Home » Archives » 31. August 2008
labdude’s niche
August 31, 2008
dude! astig! you looked so good doing what you do best. it was so nice seeing you so engrossed with what you love to do. could never be less than proud of you! ni hindi ko na narinig yung kanta ni fred. got my eyes on you. just as how i have imagined and dreamt– see you perform on stage. i am so proud. though you care less about what i think. it does not matter to me. all i know was that i was so overwhelmed to see you play your guitar like a pro.
nothing will i want than just to give you a pat on your back. even just that. i will not ask for more. i know even that i am not allowed. but i have my hopes it will happen. even just that. just to let you know, even by a simple pat on your back, that I AM SO PROUD OF YOU! YOU HAVE FOUND YOUR NICHE! I know you have not lost it ever, you have just somehow missed opportunities for it sometime along the way. but seeing you that night, hearing you play, wow (double wow!)! it was like seeing you then and now, and i am still in awe!

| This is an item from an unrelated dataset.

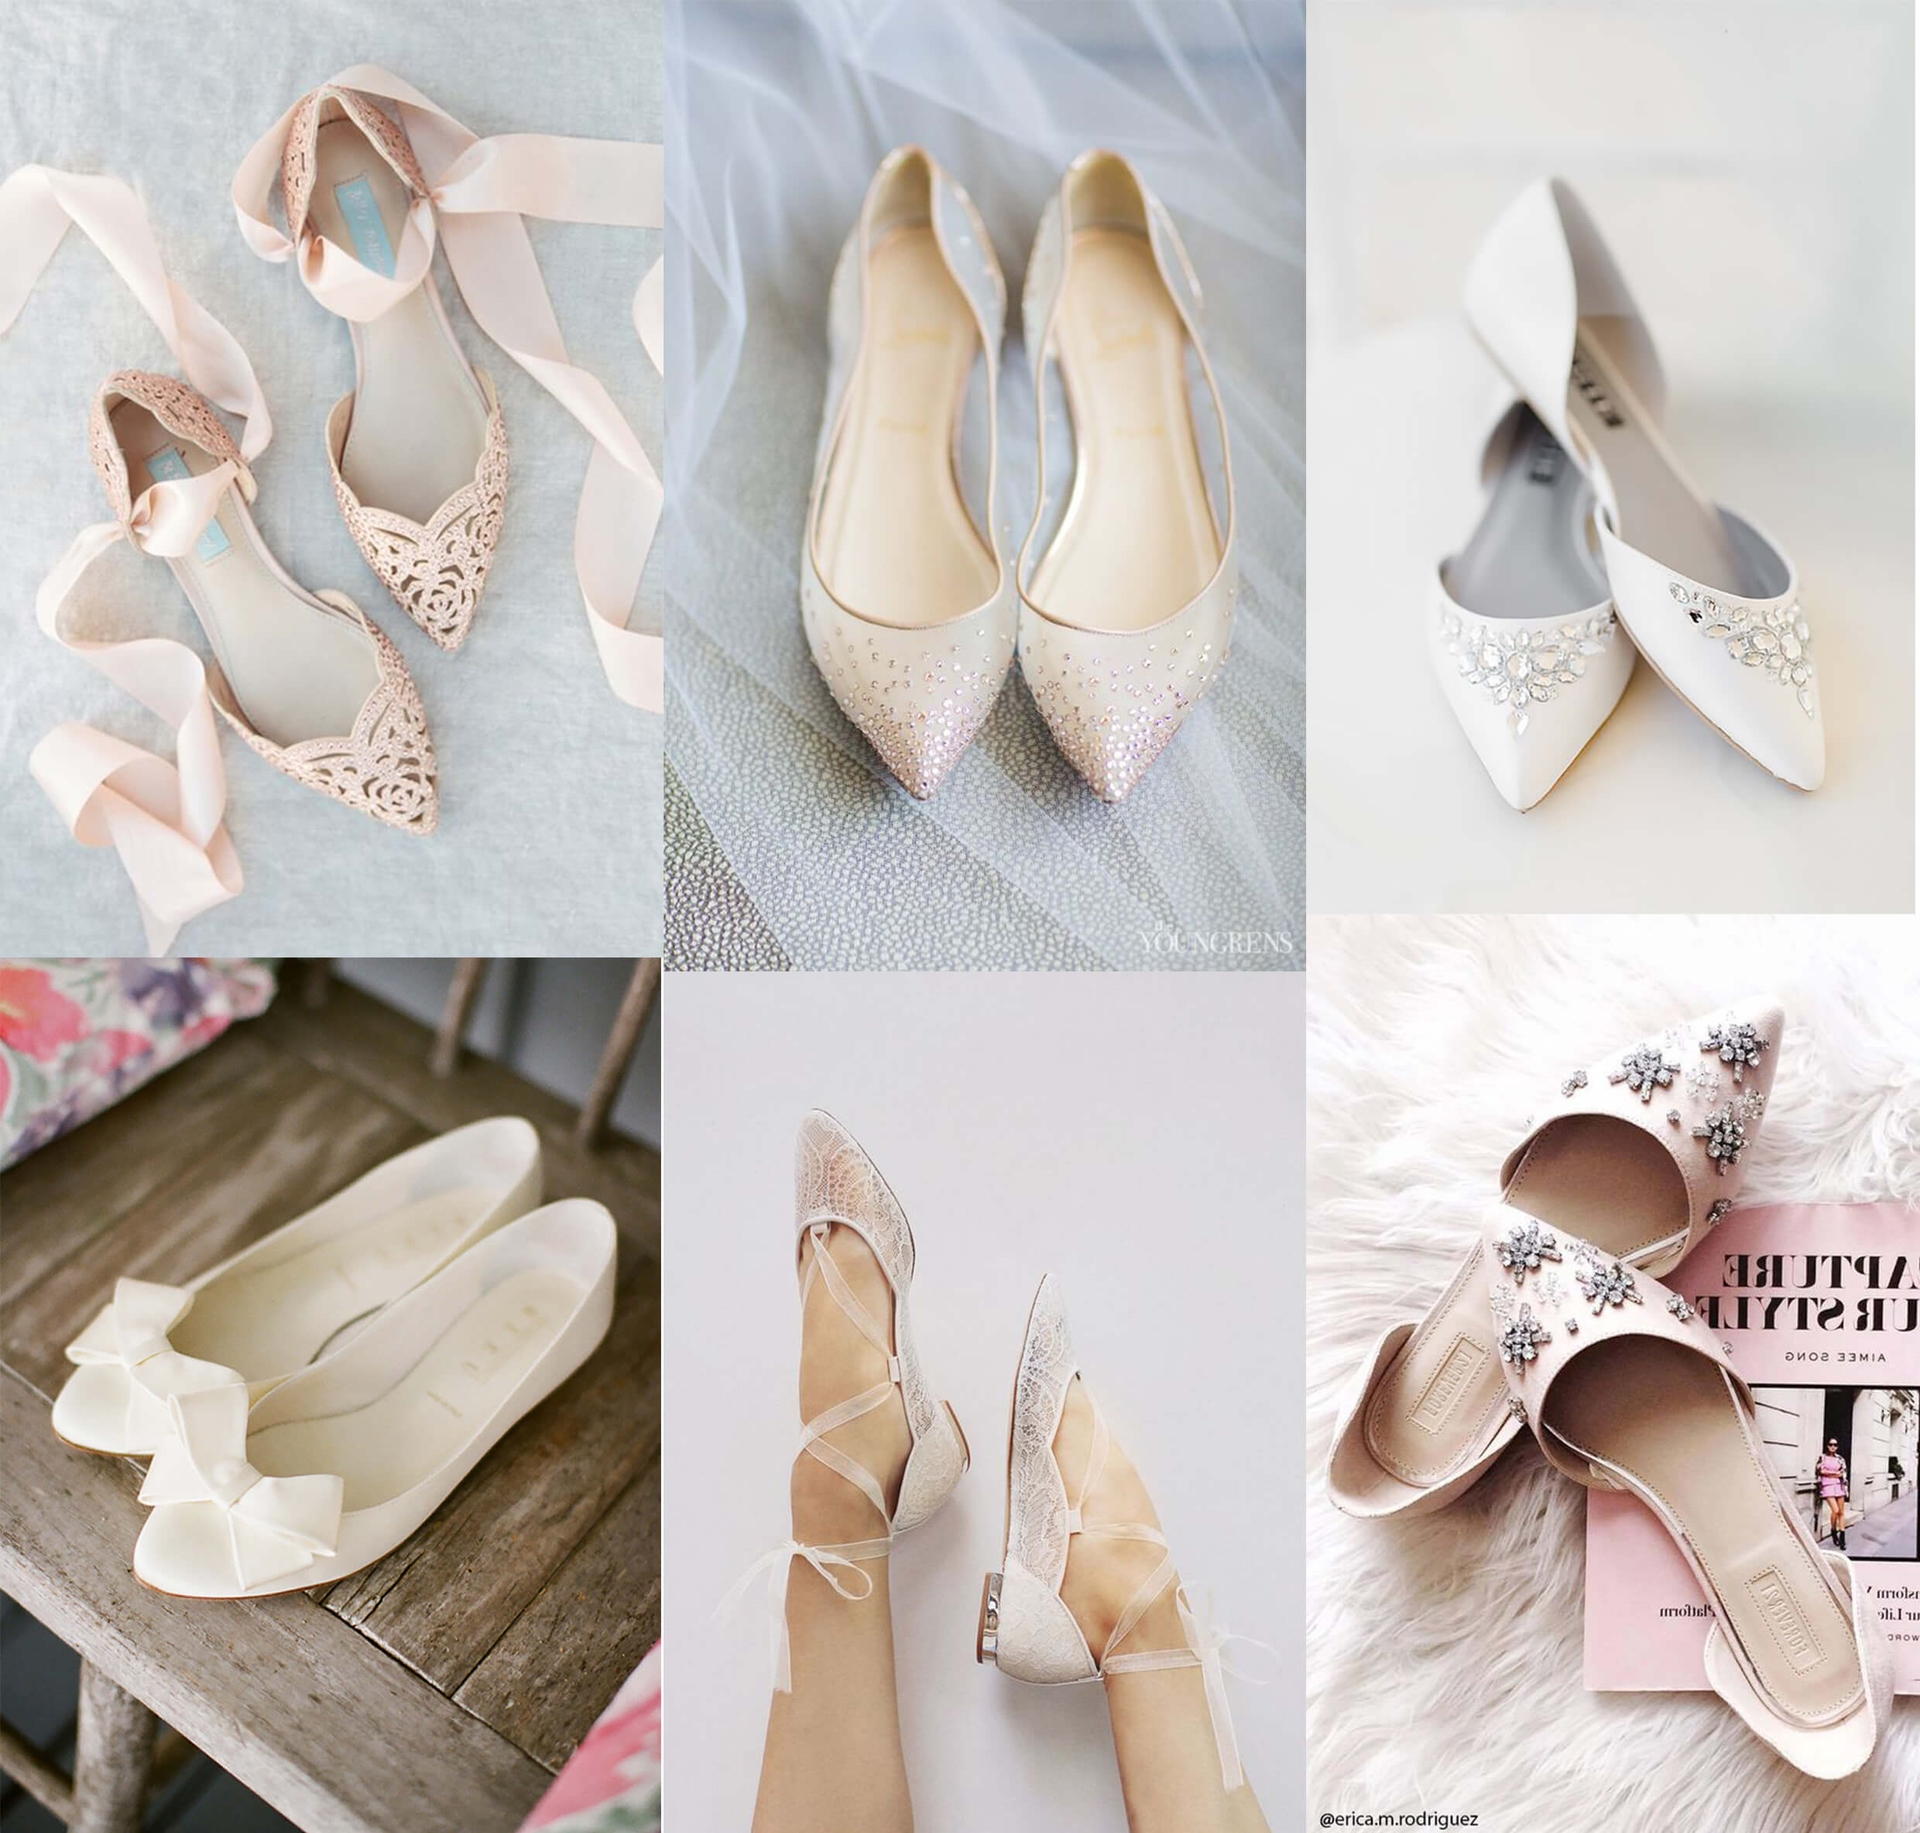 Sepatu Flats untuk Pernikahan? Kenapa Tidak?

thus, i was left with nothin but tears when i went back to the condo. i know i could not give you that. i could not give you even the least of what i think i can. could not help it. napaiyak na lang talaga ako. and, then again, my thread of hope. another reason to break. i needed random reasons to believe my faith is leading me somewhere.
argylle’s take:
Syempre doubt is inconsistent with faith. Something to hold on is faith. Kahit the thinnest and tiniest thread of hope, andun pa din yun. Let things fall to place at the right time, mare. x x x
Hold on to it. Wala naman mawawala sa’yo. Kahit subconsciously lang at least you know in your heart na you never abandoned him as a friend if he needs you.
at least that fact alone would make you feel better
kahit unrequited.:-)
mish in a text message made her presence felt and subtly touched on the matter:
Do not look for things or people that aren’t there, just always be thankful for what you have; because the more you look for something not with you, the more you find somethign wrong with what you have. There are miracles everyday, if you look hard enough.
Sabi nga sa isang classic short story, GOD SEES BUT WAITS. x x x Everytime i think about my own frustrations, sinasabi ko na lang that there is a Grand Plan, and that i am still blessed. You are still blessed.
My random reasons to keep my faith. I will. Maybe i just got so frustrated, blurring my mind of the “surrender” i have previously made. Indeed, HE may just be waiting. For HIS very own perfect time. HE may think that i do not need or deserve it best just yet.